# TASK ITEM:
Only lines, not pictures: please repeat exactly the lines from the one with "Cult Gaia Jila Flower Heel Sandals" through the end of the listing.

# DATA SEGMENT:
-- Opening Marker --

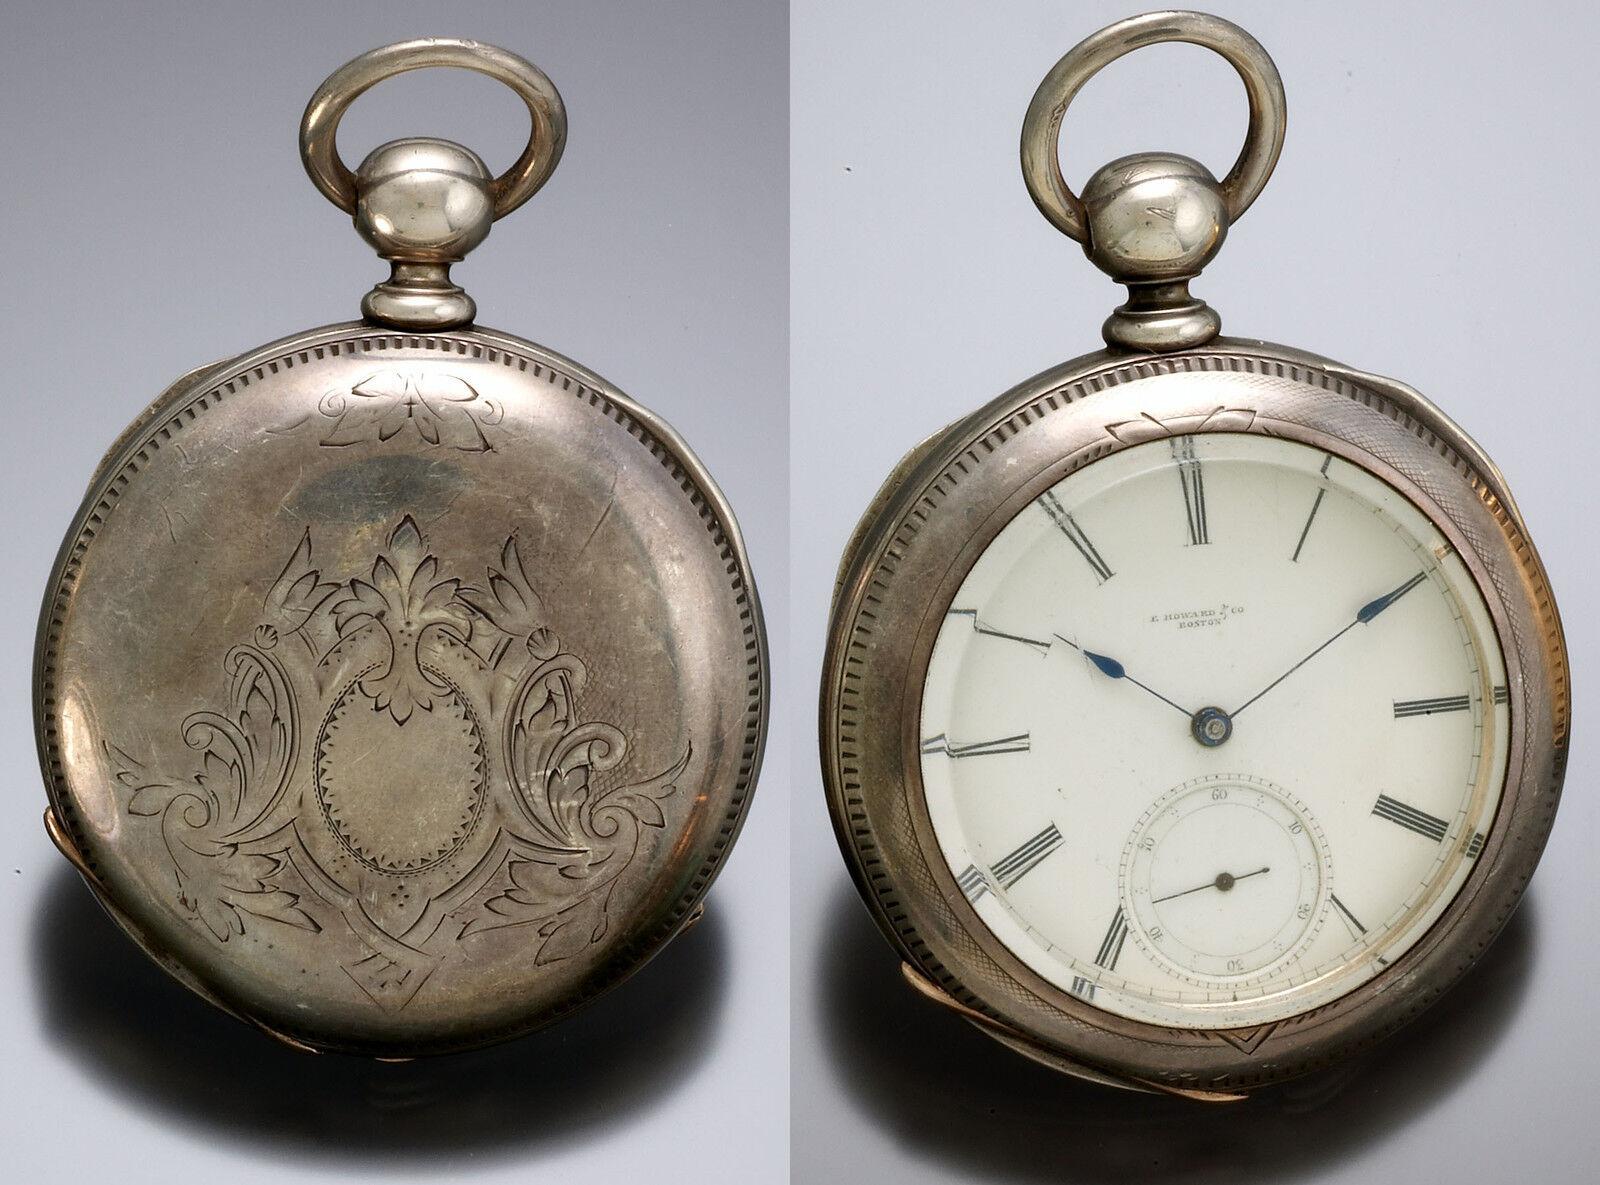 SERIES II HOWARD POCKET WATCH IN 4 OZ COIN SILVER CASE WITH FOLIATE PATTERN 1861
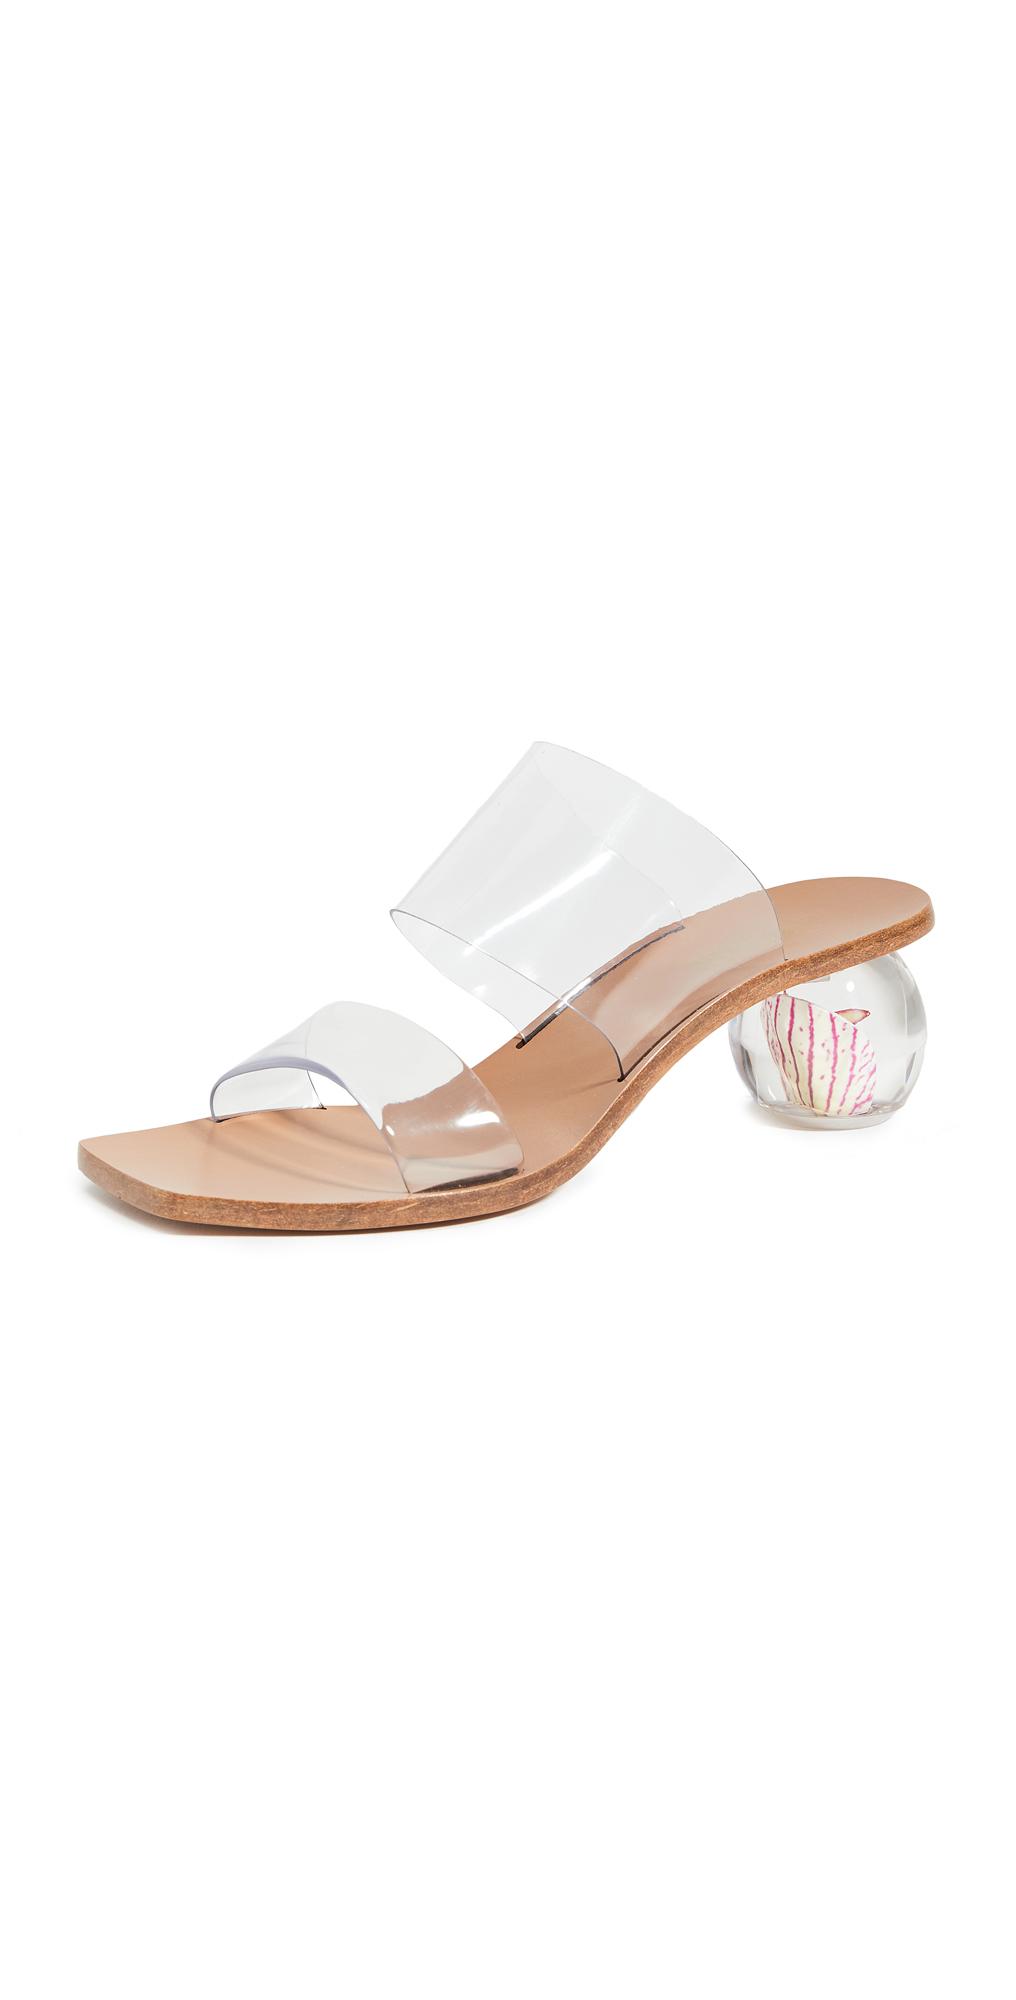 Cult Gaia Jila Flower Heel Sandals
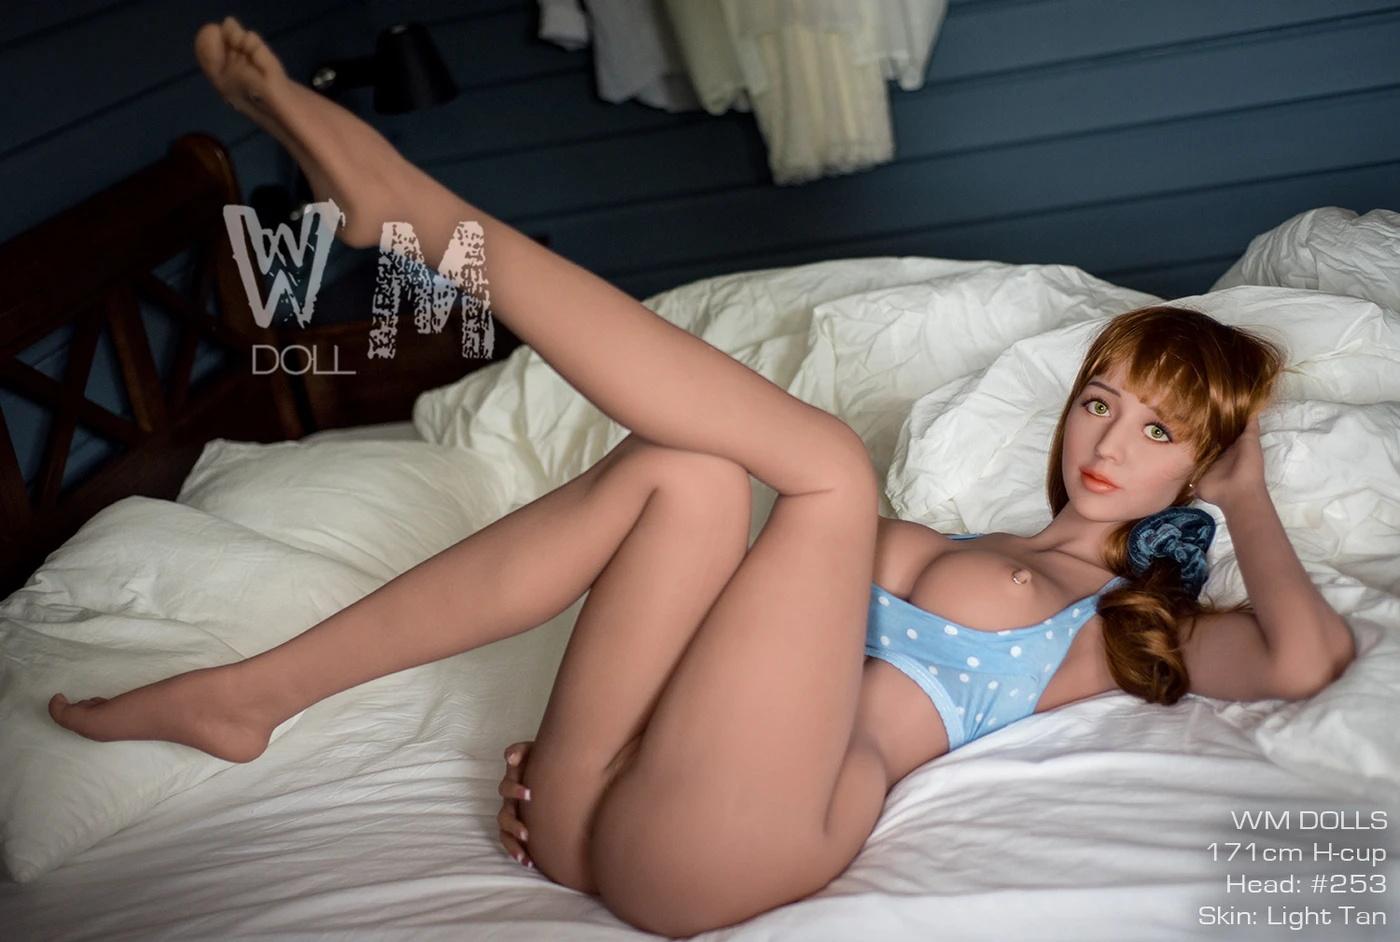 Sexdollie-171cm-sex-doll-17100324
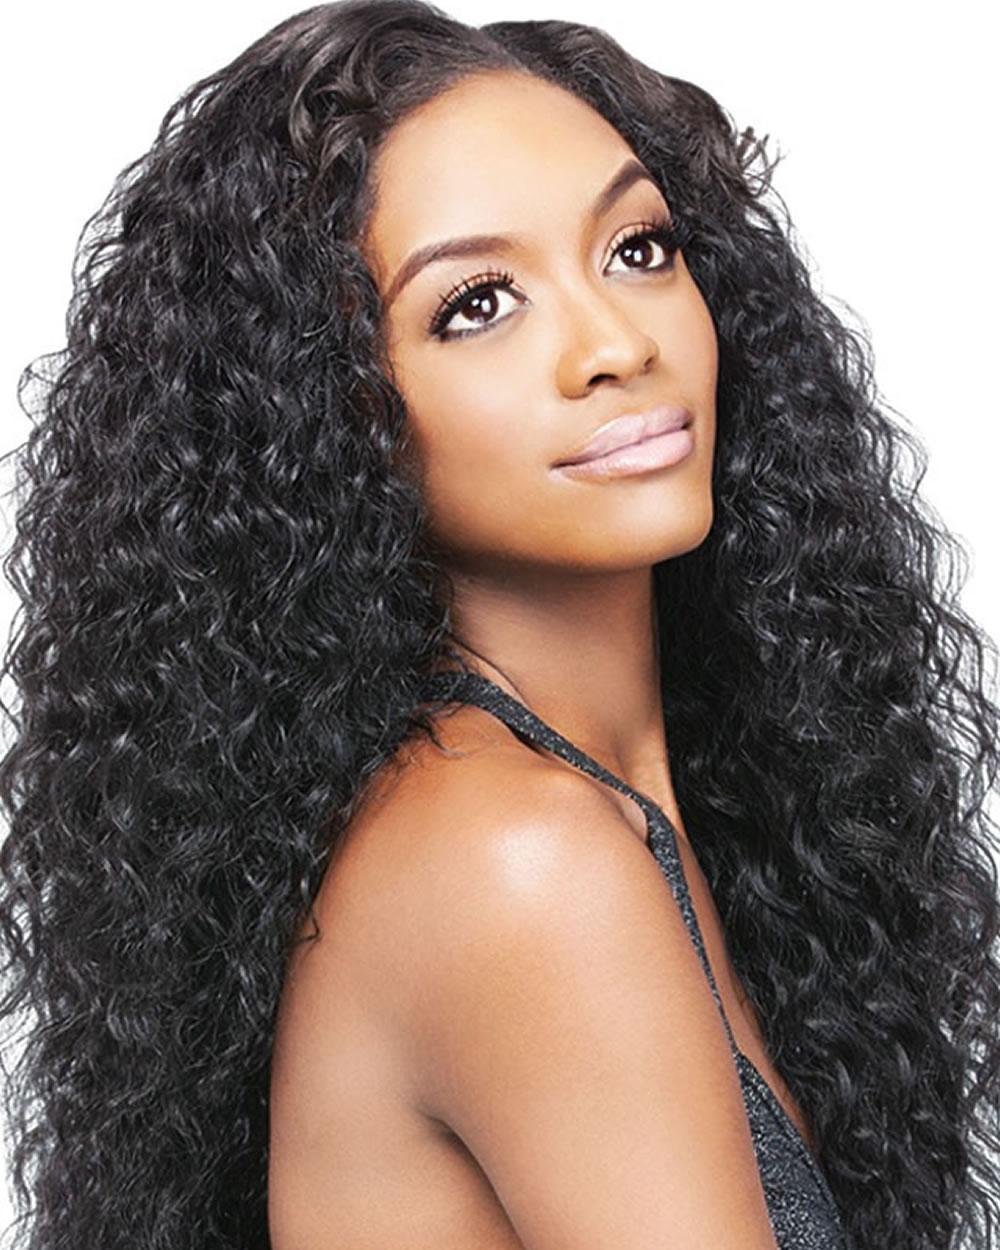 ShortNatural Hairstyles 2019 -African American Girl 5

-- Closing Marker --

# OUTPUT:
 Cult Gaia Jila Flower Heel Sandals
 Sexdollie-171cm-sex-doll-17100324
 ShortNatural Hairstyles 2019 -African American Girl 5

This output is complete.